At NEW, students have program managers who make sure, among other things, they’re ready for job interviews. “[That means asking], do you have childcare? Do you need childcare? Do you have a backup to your childcare? Do you have backup to the backup of your childcare?” she said.
Tonya Hicks, who grew up in public housing in Mississippi, had to overcome discrimination on the basis of her gender and race — she is Black — in her quest to become an electrician. (Only about 7 percent of electricians are Black, according to BLS data).
“Women and minorities have been systematically kept out of the unions,” she said. “It began as racism, and then just as time goes on, you know, people hire who they know.”
As an apprentice, Hicks was often relegated to cleaning the on-site office trailers.
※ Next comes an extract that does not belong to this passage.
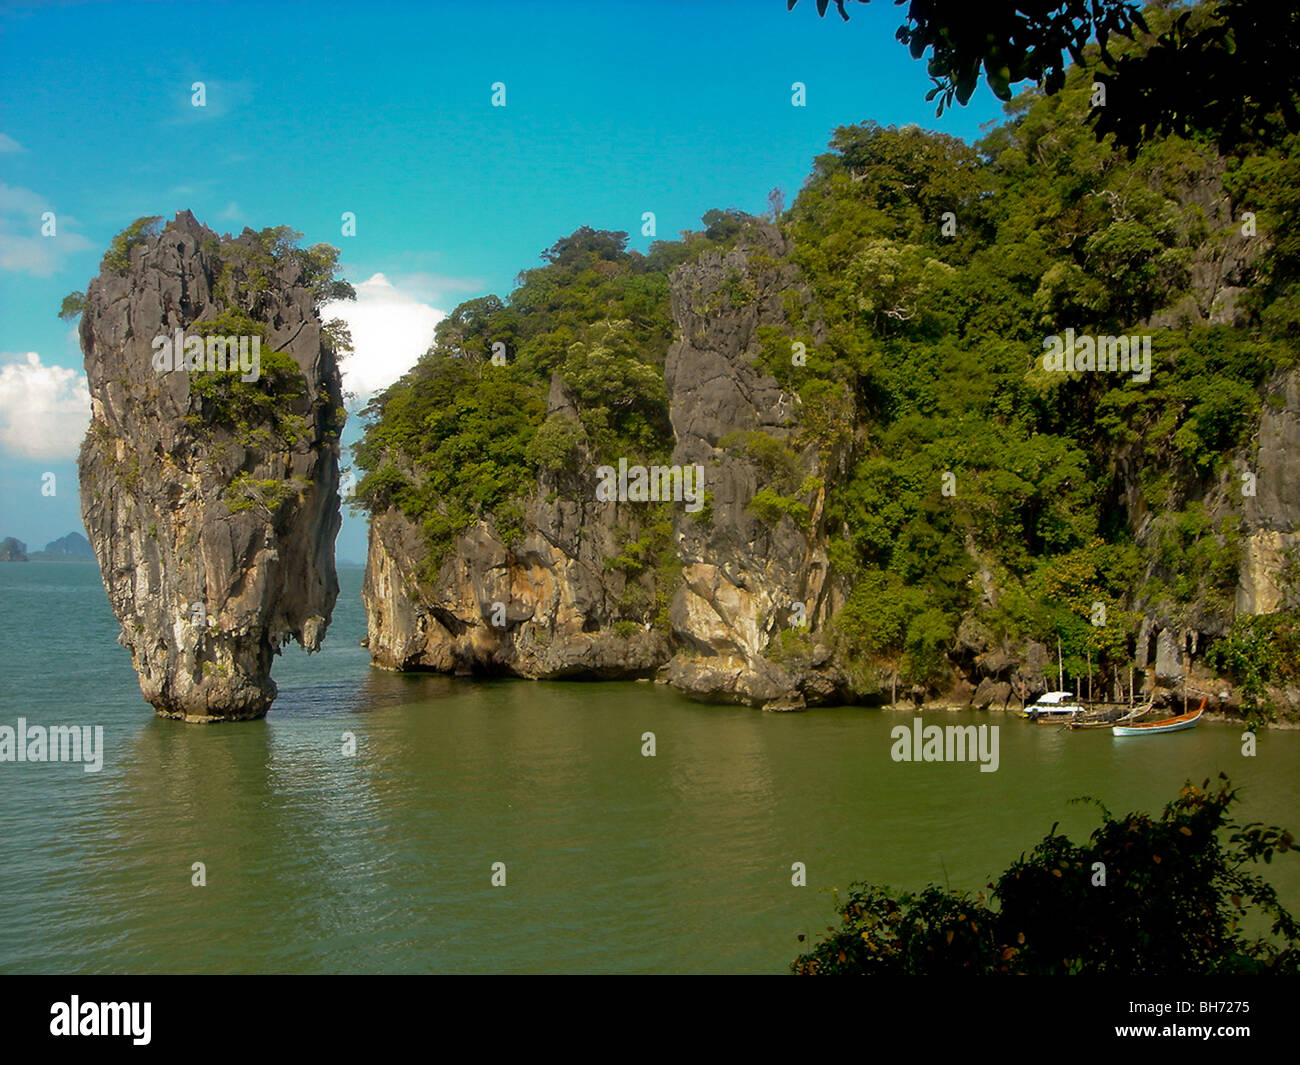 La isla de James Bond, Khao Phing Kan Island, Tailandia Foto de stock

When she struggled to find work locally, she drove from her home in Meridian, Mississippi, to sites in Jackson and Birmingham, leaving her young son with her mother for stretches at a time.
Her endurance paid off: in 2000, at age 28, she started her own firm, Power Solutions, in Atlanta. Today she has a staff of nine that specializes in renewable energy projects and home retrofits and, starting last year, began manufacturing electrical vehicle chargers. She also runs Women Do Everything, a networking group for women in the STEM fields and blue-collar, male-dominated industries like hers.
GRID Alternatives, where Saxton works, recruits women volunteers and trainees for solar installations and offers women-only training. “That may encourage people who would otherwise perhaps be intimidated or just scared to try it,” Saxton said. “At the same time, we need men to be mentors and to support women.’”
The Biden administration has expressed a commitment to getting more women into the trades; in November, plans were announced to double the number of women working in the construction industry over the next 10 years.
The IRA climate legislation offers tax incentives for contractors to hire apprentices — something experts say could help reduce women’s higher drop-out rates from apprenticeship programs — and Biden administration officials have “signaled that projects that include efforts to provide good jobs to workers, diversify their workforces, and provide training will score higher in evaluations,” making it more likely that they will be awarded contracts, said Marina Zhavoronkova, a senior fellow at the Center for American Progress.
“As government agencies, you have strings, you can pull it in a way that you don’t when it’s a fully private sector project,” Zhavoronkova said.
In February, the program office connected to the CHIPS and Science Act — legislation designed to boost the semiconductor industry in the US — released its first funding opportunity, which stipulates that all applicants hoping to receive more than $150 million dollars must submit a plan to provide access to child care for workers.
Hicks, the founder of Power Solutions, compared the task of transitioning the economy away from fossil fuels to the labor shortages during World War II, when millions of women took jobs in factories. Of course, after the war, many women returned to their homes. “The only difference now is that we’re not going back,” she said.